The only power the president has with respect to making law is his signature or the veto of law passed by Congress, or threat thereof. That veto power requires that he return the bill with “his objections” for reconsideration which Congress can override by a two-thirds vote. He may also suggest an area needing the attention of Congress in his State of the Union Address. That’s it! Everything else is pure fabrication on his part to more fully empower himself.

So what are so-called “Signing Statements” used extensively by President George W. Bush and now President Barack Obama who once condemned them? These two words are not in the U.S. Constitution nor is there anything that could suggest this practice.

Instead of using one of only two options provided by the Constitution and sending objectionable parts back to Congress for reconsideration, he has created a more powerful third option, that of signing into law the bill excluding the parts that he disagrees with thus undermining the veto power.

Signing Statements also have the effect of enabling him to give his own separate spin to the law that is not that of the 535 individuals who created it.
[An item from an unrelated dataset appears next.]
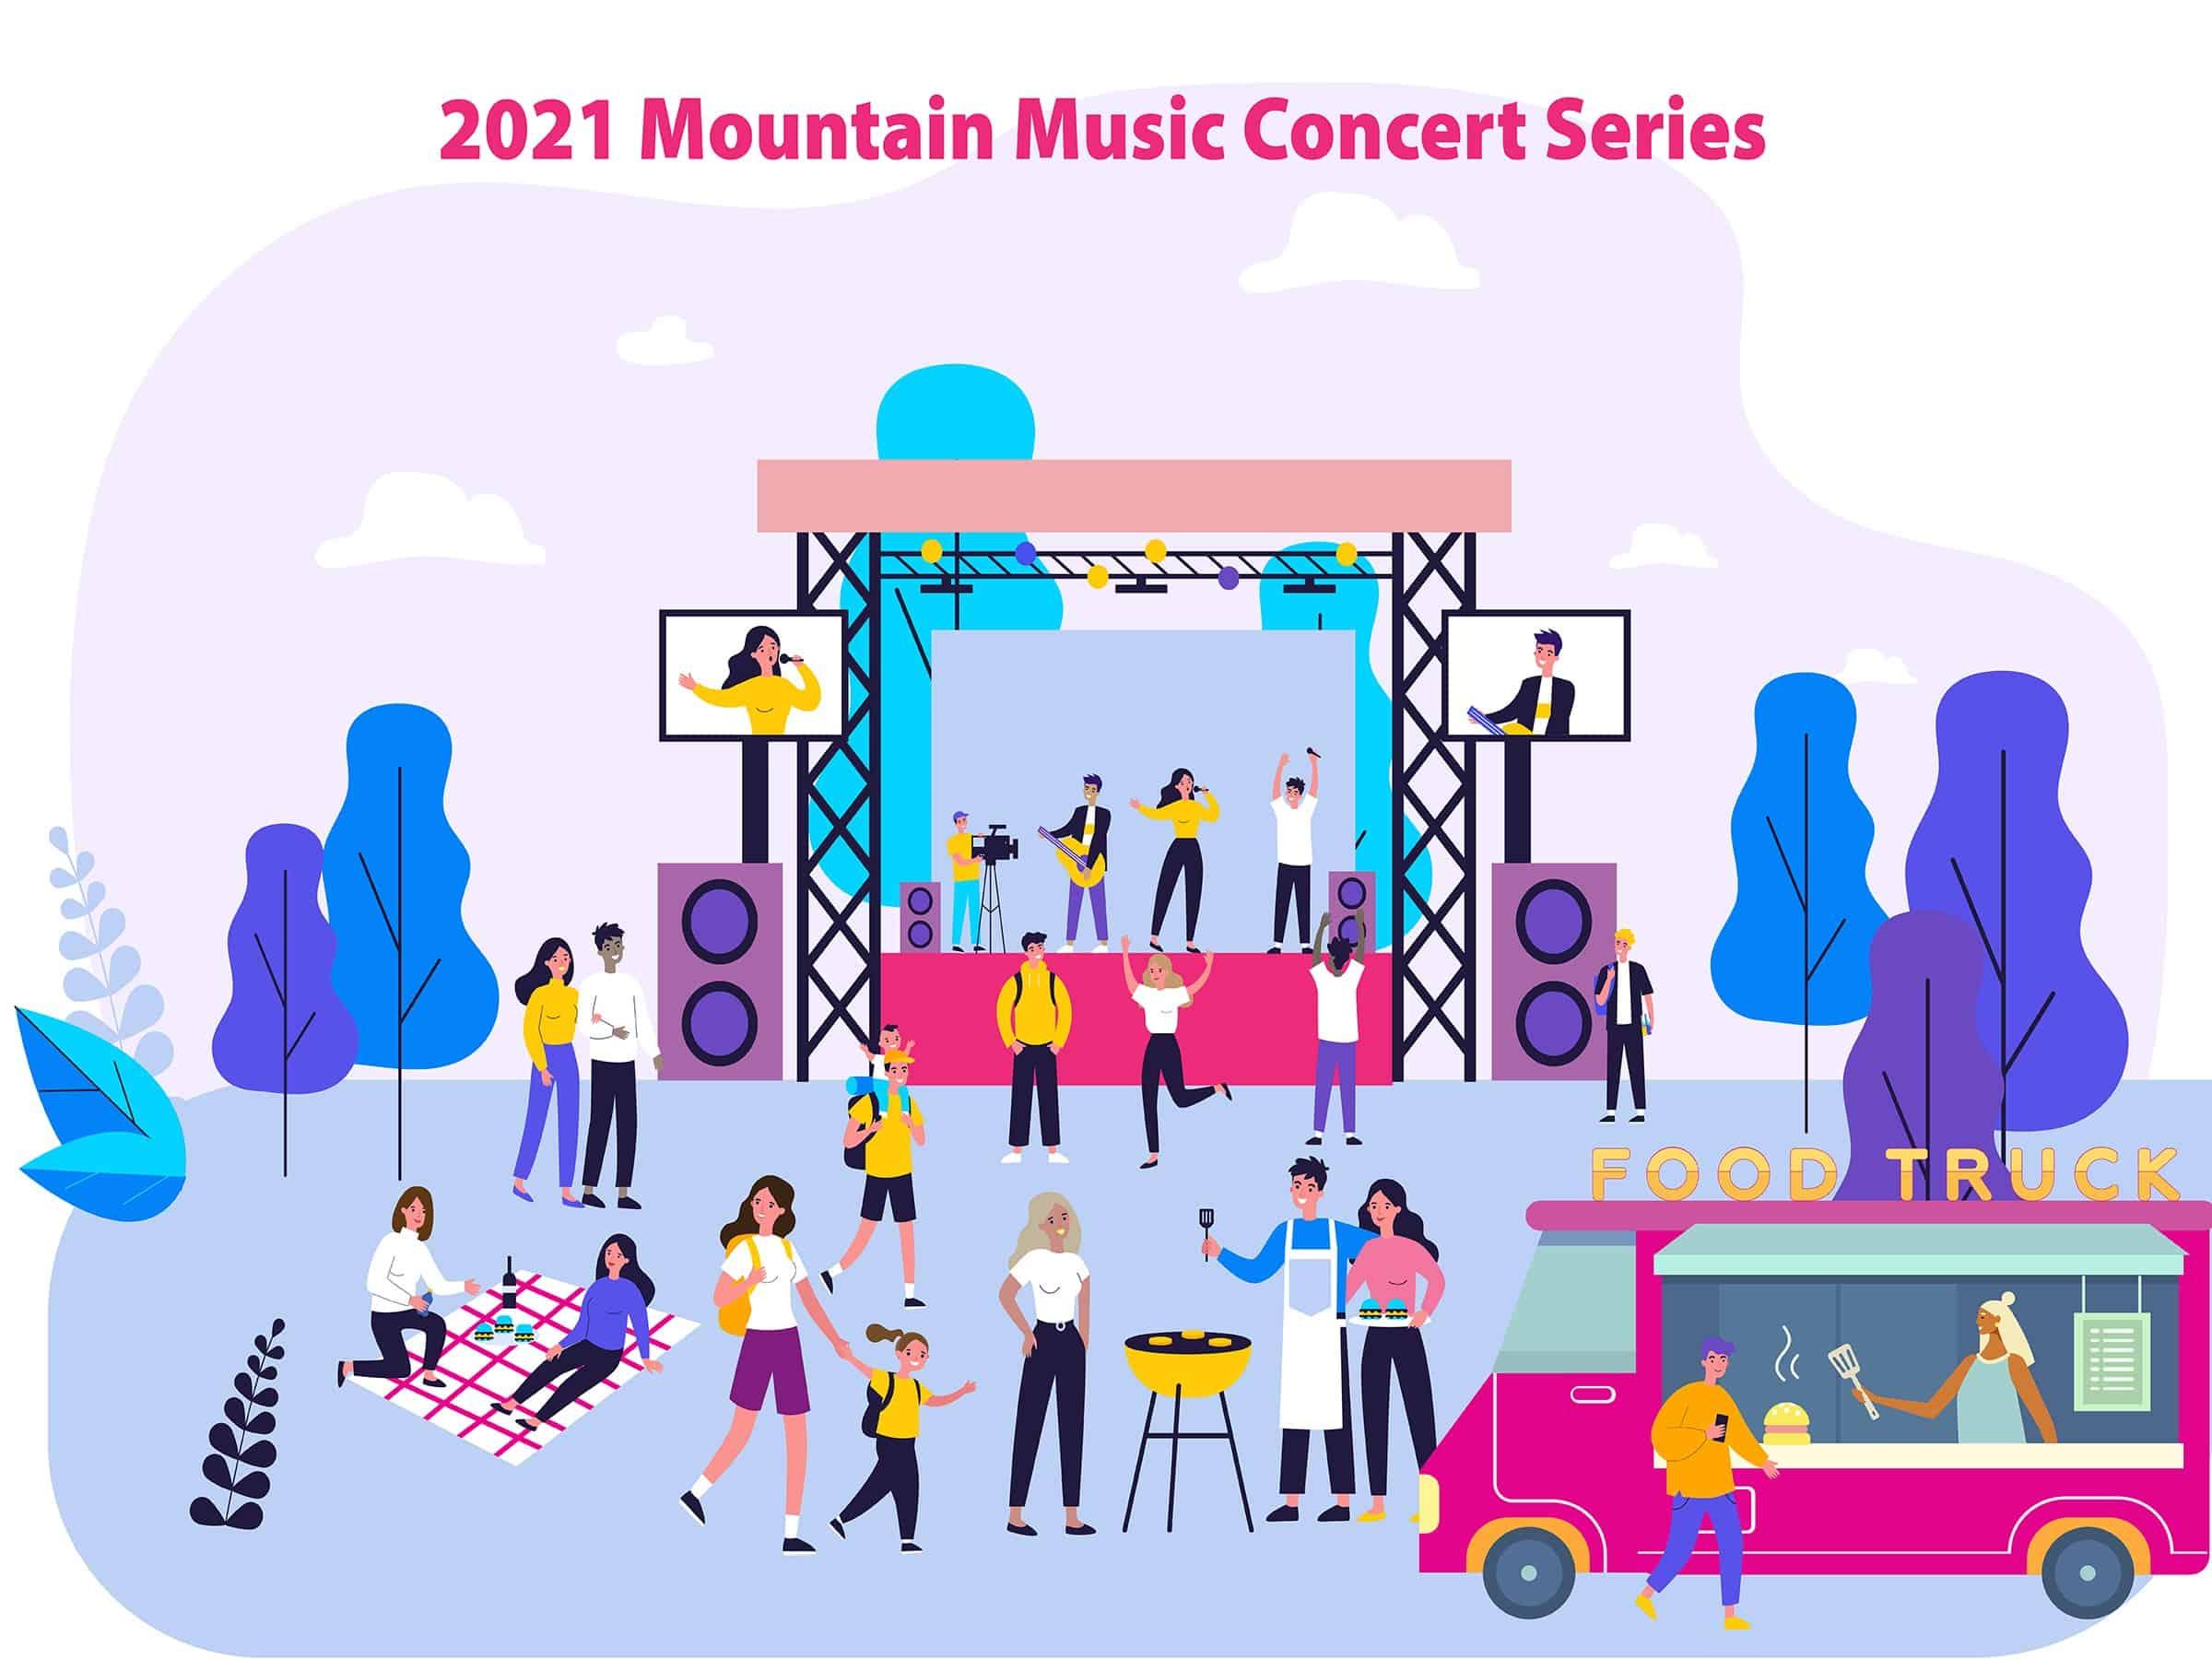 2021 Mountain Music Concert Series

One person alone was never given such power. Unless immediately challenged by the Congress his will be the interpretation used by future Congresses, as well as by the Supreme Court, when related issues resurface. In essence he openly refuses to enforce the law he just signed despite his oath to do so. Kings with parliaments never had it so good.

Candidate Obama understood how the practice violated the Constitution and empowered the president when he said: “Congress’s job is to pass legislation. The president can veto it, or he can sign it. But what George Bush has been trying to do as part of his effort to accumulate more power in the presidency, is he’s been saying ‘Well, I can basically change what Congress passed by attaching a letter saying, I don’t agree with this part, or I don’t agree with that part. I’m going to choose to interpret it this way or that way,’” He continued, “That’s not part of his power. But this is part of the whole theory of George Bush that he can make laws as he’s going along. I disagree with that. I taught the Constitution for ten years. I believe in the Constitution.” Then he promises not to do the same thing were he to be elected president. “And I will obey the Constitution of the United States. We’re not going to use signing statements as a way of doing an end run around Congress” (“Obama Signing Statement: Despite Law, I Can Do What I Want on Czars,” by Jonathan Strong, April 15, 2011).

Candidate Obama was right to be so condemning of President Bush who “issued more than 100 such statements signaling that his administration would not carry out congressionally approved provisions on a range of issues, from barring the use of torture to requirements that the executive branch report certain information to Congress.”

Ultimately a bipartisan panel of the American Bar Association “decried Bush’s use of signing statements as a serious threat to the rule of law, saying it ran contrary to the system of presidential vetoes and congressional overrides created by the U.S. Constitution” (Exercising his Power or Venturing into Congressional Turf? By Louis Jacobson, July 24, 2009, St Petersburg Times

So with this Constitutional clarity and solemn promise we would not expect to find President Obama doing the same thing. Wrong! To date he has done so 18 times (Signing Statements Still Controversial, by David G. Taylor, July 27, 2011, St Petersburg Times His justifications for doing so are filed with the same legalese as are those of his predecessor he condemned.

The fact remains that he violates the Constitution as well—only he, unlike his predecessor, cannot claim ignorance in doing so. Having instructed the Constitution he knows the damage that his activity does to the separation of powers as well as empowering him to alter law.

Why does such continue and what is the solution? Because of the plague of political parties that George Washington warned would, in effect, cause us to be more loyal to them than to the principles of the Constitution. Republicans excused Bush and Democrats excuse Obama. The practice will continue to alter the Constitution until our loyalty returns to the Constitution and we threaten impeachment to anyone tampering with it whether a Bush or an Obama. It is time to do so.